Enhancements, clarifications, refinements for C++ code
* The following rule checks for C have been extended to also consider
  identifiers from C++ code as potential naming conflicts:
  * distinct-extern (CERT.DCL.40, ISO17961.funcdecl, M2012.5.1)
  * distinct-identifiers-macros (M2012.5.5)
  * identifier-unique-extern (M.5.7, M2012.5.8, X.C.NAM.5)
  * identifier-unique-extern-relaxed (X.C.NAM.5)
  * identifier-unique-macro (M.5.7)
  * identifier-unique (M.5.7)
  * identifier-unique-relaxed (X.C.NAM.5)
  * static-identifier-reuse (M.5.5, M.5.7, M2012.5.9)
* The rule check ambiguous-identifiers (AUTOSAR.2.10.1M, M2008.2.10.1)
  has been extended to also consider identifiers from C code
  as potential naming conflicts. It also no longer warns about
  identifiers in files excluded from rule checks.
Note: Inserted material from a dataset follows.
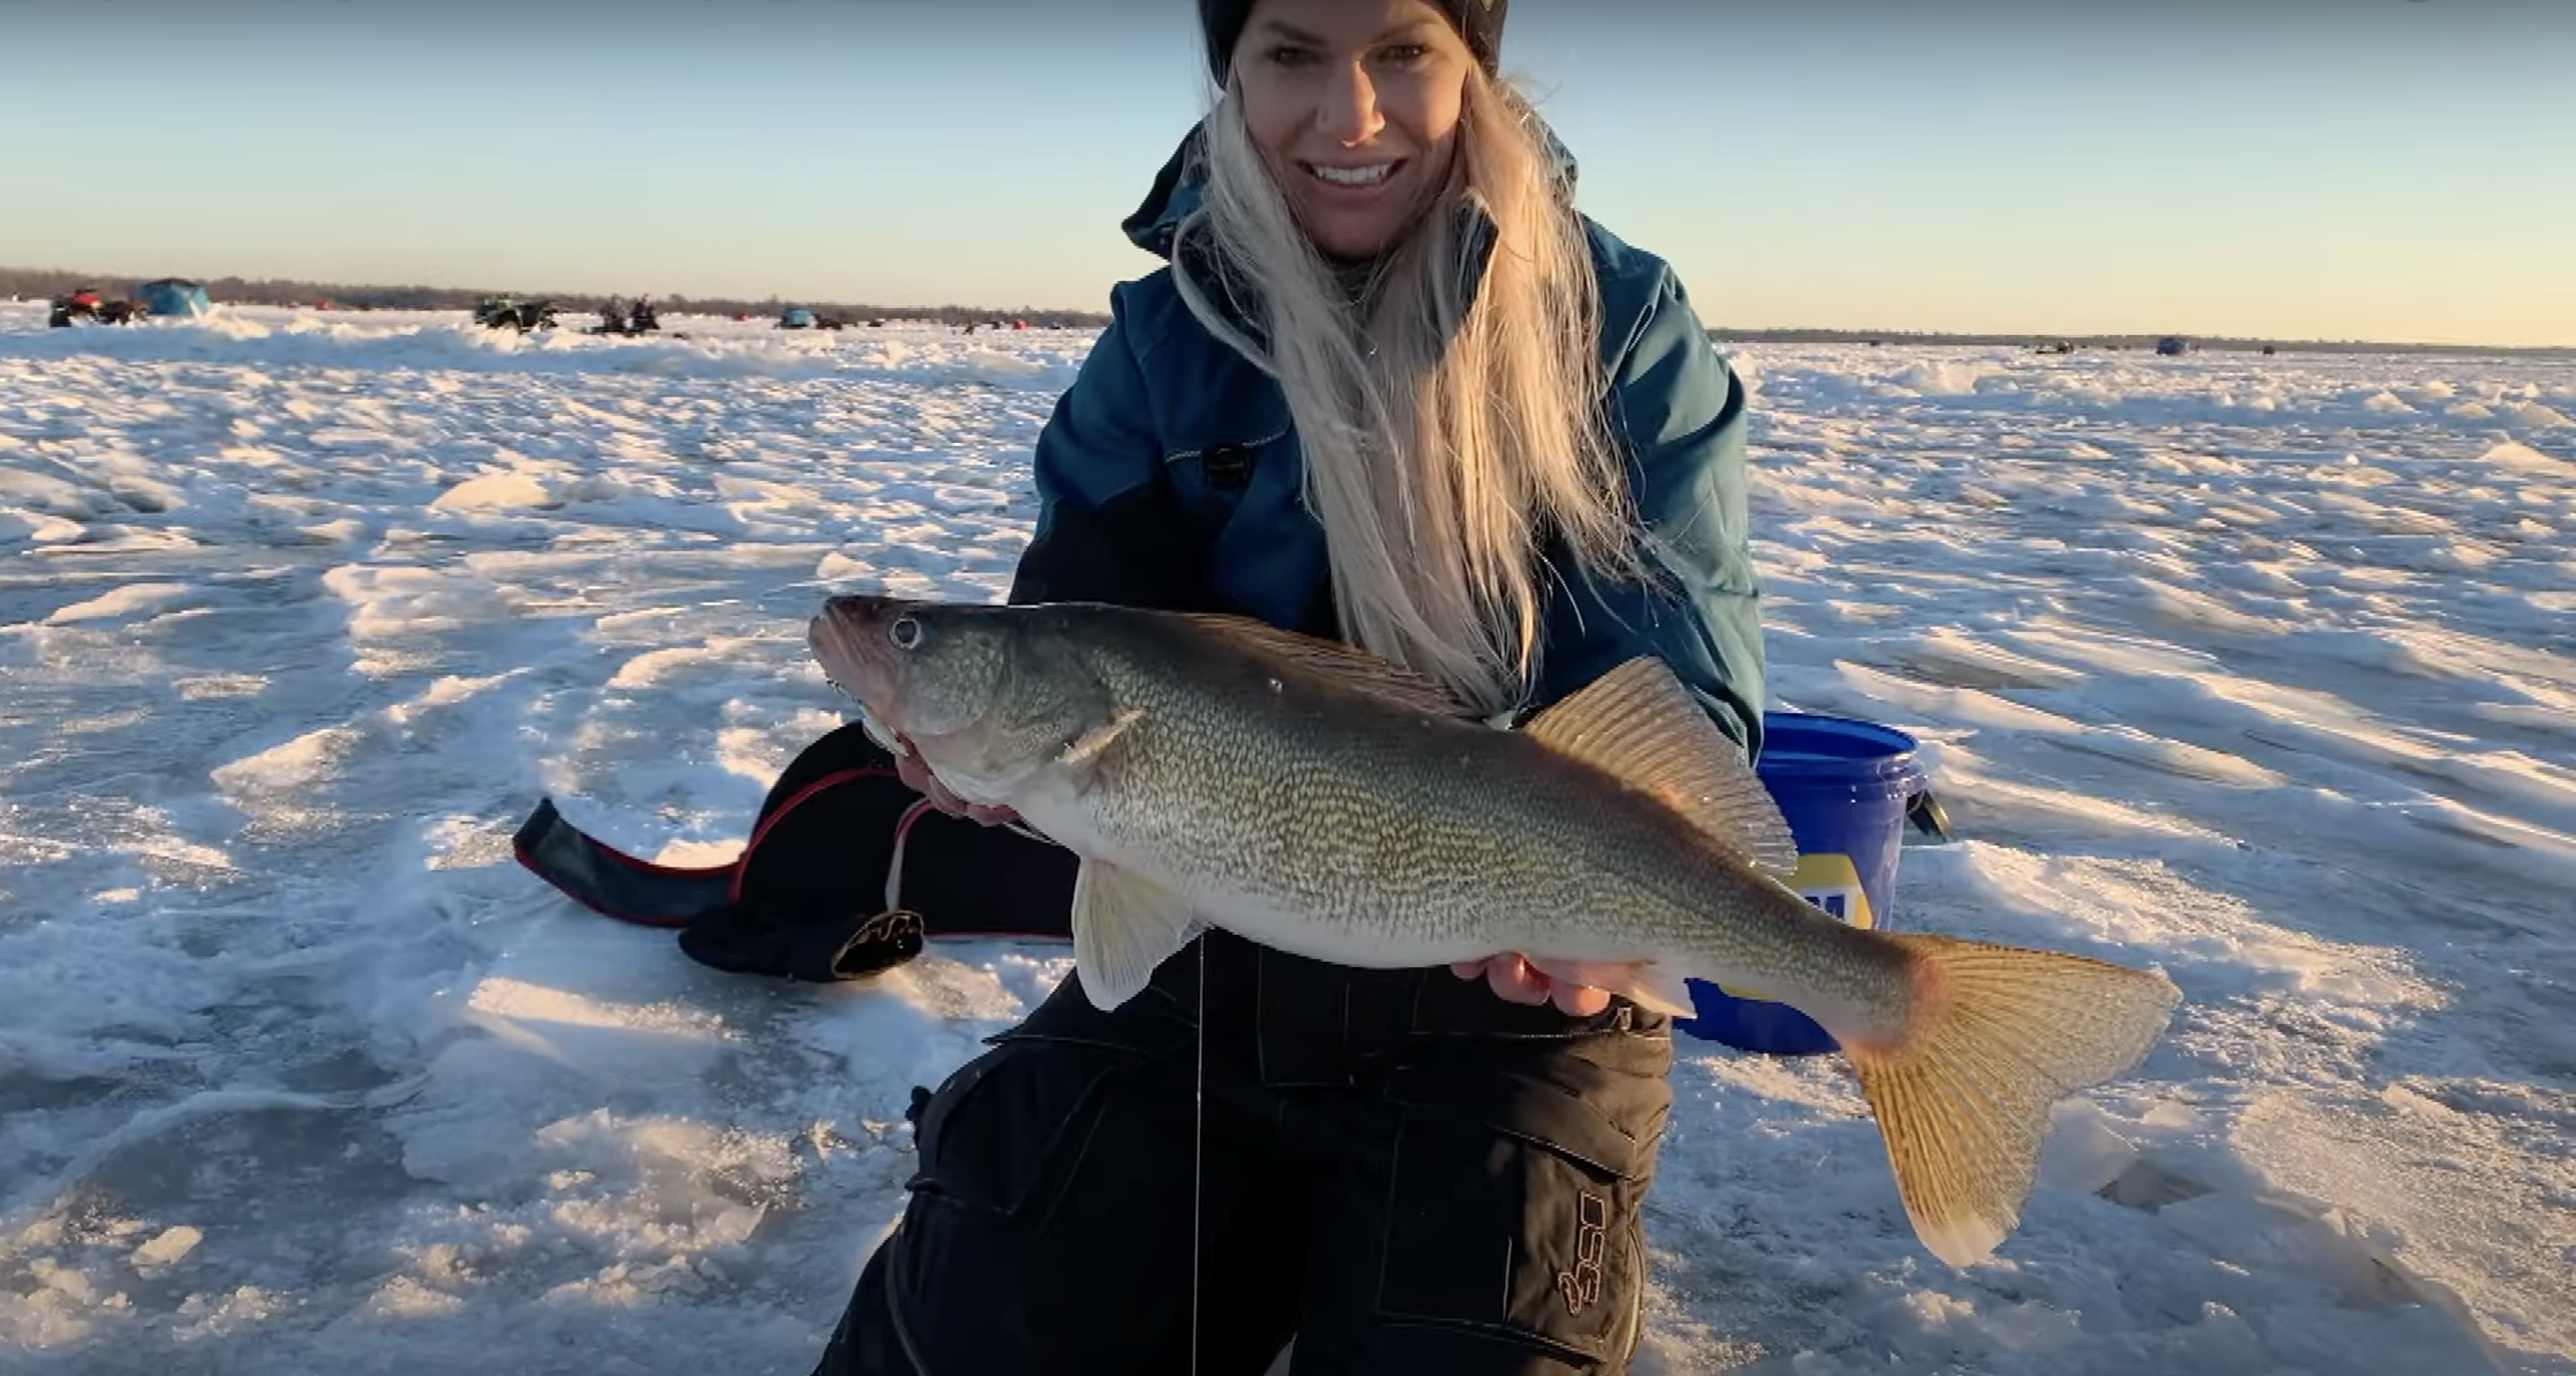 Big RED Ice Fishing Tip Down-Tip Up- Sensitive to The Slightest Fish Bites-  Used for Both Larger Reels and Heavier Line as Well as Smaller Reels and

* Removed false negatives and false positives for the check
  bad_function (AUTOSAR.15.5.2A, AUTOSAR.18.9.1A, AUTOSAR.26.5.1A,
* Removed false negatives for:
  * integral-type-name (AUTOSAR.3.9.1A, M2008.3.9.2) which failed
    to report type (signed/unsigned) long long in C++ code;
  * alignas, atomic-qualifier, atomic-specifier, floating-type-name,
    integral-type-name, integral-type-name-extended, long-double,
    pointer-attribute, restrict, wchar-t, which were not applied
    to the operand of sizeof.
* Removed false positives for the checks:
  * multiple-output-values (AUTOSAR.8.4.4A),
    c-style-cast (AUTOSAR.5.2.2A, M2008.5.2.4),
    implicit-non-void-lambda-return-type (AUTOSAR.5.1.6A), and
    function-return-unused (M2008.0.1.7, AUTOSAR.0.1.2A)
    in dependent contexts
  * member-function-missing-const and member-function-missing-static
   (M2008.9.3.3, AUTOSAR.9.3.3M) to no longer report violations
    in classes with dependent bases
  * conditional-as-sub-expression (AUTOSAR.5.16.1A) with non-trivial
    data types
  * clean-global-namespace (M2008.7.3.1, AUTOSAR.7.3.1M) reported
    for parameters within function types
  * incomplete-data-member-construction (AUTOSAR.12.1.1A)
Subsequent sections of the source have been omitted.